MAR-2-05 RR:TC:SM 559992 MLR

CATEGORY: MARKING

John M. Peterson, Esq.
Neville, Peterson & Williams
80 Broad Street
34th Floor
New York, NY 10004

RE: Country of origin marking for corn oils; commingled; fungible; Mexico; NAFTA; Article 509

Dear Mr. Peterson:

This is in reference to your letter of July 23, 1996, requesting a ruling on behalf of CPC International, Inc. ("CPC"), concerning the country of origin marking requirements for corn oil.

FACTS:

It is stated that CPC intends to import refined corn oil into the U.S., which was produced in Canada from Canadian grain. After importation into the U.S., it is stated that the Canadian corn oil will be commingled in storage tanks with fungible refined corn oil produced in the U.S. from grain grown in the U.S. On average, it is anticipated that over an annual period, 70 percent of the corn oil will be of U.S. origin and 30 percent will be of Canadian origin. The proportion of U.S. to Canadian corn oil will fluctuate, but it is anticipated that at all times during the year the commingled storage will contain both U.S. and Canadian origin corn oils.

The commingled corn oil will be drawn from the tankage and bottled in plastic containers of various capacities, including one gallon and 64 ounce containers.
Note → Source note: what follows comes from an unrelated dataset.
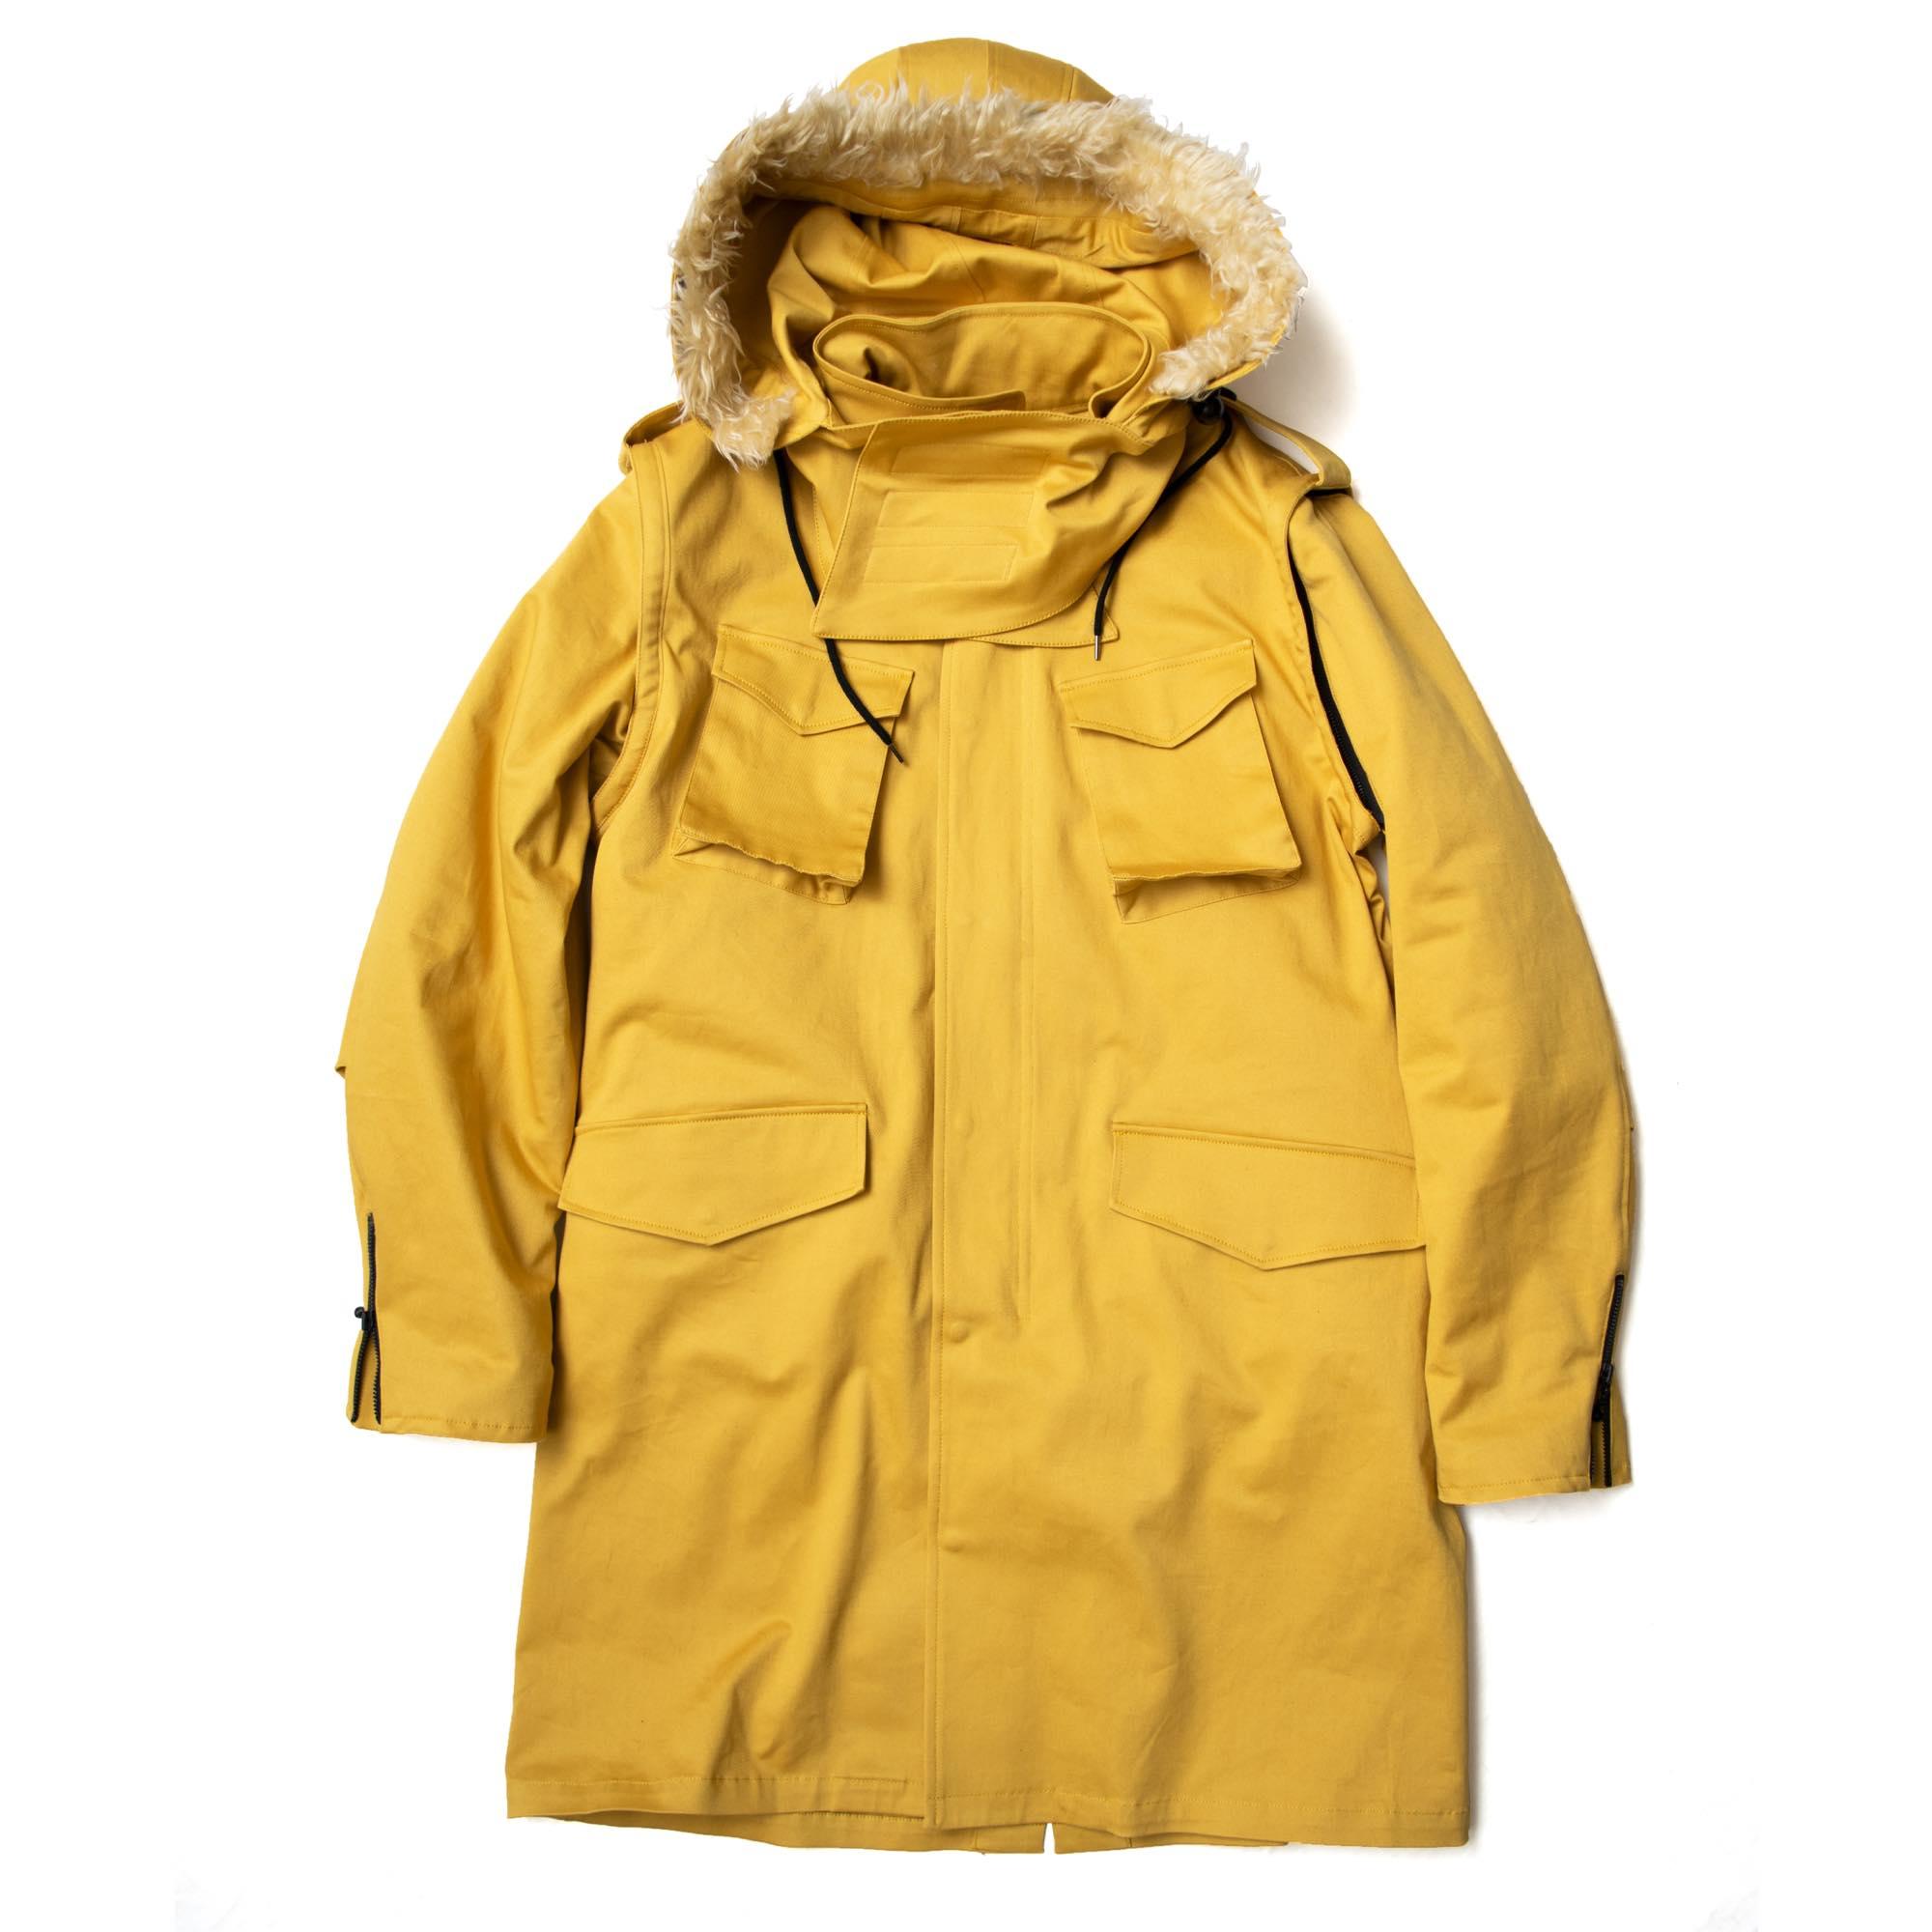 coat_yel_001

These containers will then be sold to retail purchasers in the U.S. The country of origin marking will appear on the paper label affixed to the plastic container. CPC intends to have the labels printed and to provide the labels to a contractor manufacturing plastic bottles for the corn oil, who will permanently affix the labels to the plastic containers by a molding-in process. It is claimed that the "inventory management methods" of marking provided under 19 CFR 102.11(b) are not practicable. Therefore, CPC wishes to mark the bottles using major supplier marking by marking each container "Product of U.S.A. and Canada."

ISSUE:

Whether the bottles of corn oil may be marked " "Product of U.S.A. and Canada".

LAW AND ANALYSIS:

The marking statute, section 304, Tariff Act of 1930, as amended (19 U.S.C. 1304), provides that, unless excepted, every article of foreign origin (or its container) imported into the U.S. shall be marked in a conspicuous place as legibly, indelibly and permanently as the nature of the article (or its container) will permit, in such a manner as to indicate to the ultimate purchaser in the U.S. the English name of the country of origin of the article. Part 134, Customs Regulations (19 CFR Part 134) implements the country of origin marking requirements and exceptions of 19 U.S.C. 1304.

Section 134.1(b), Customs Regulations (19 CFR 134.1(b)), defines "country of origin" as:

The country of manufacture, production, or growth of any article of foreign origin entering the United States. Further work or material added to an article in another country must effect a substantial transformation in order to render such other country the "country of origin" within the meaning of this part; however for a good of a NAFTA country, the NAFTA Marking Rules will determine the country of origin. (Emphasis added).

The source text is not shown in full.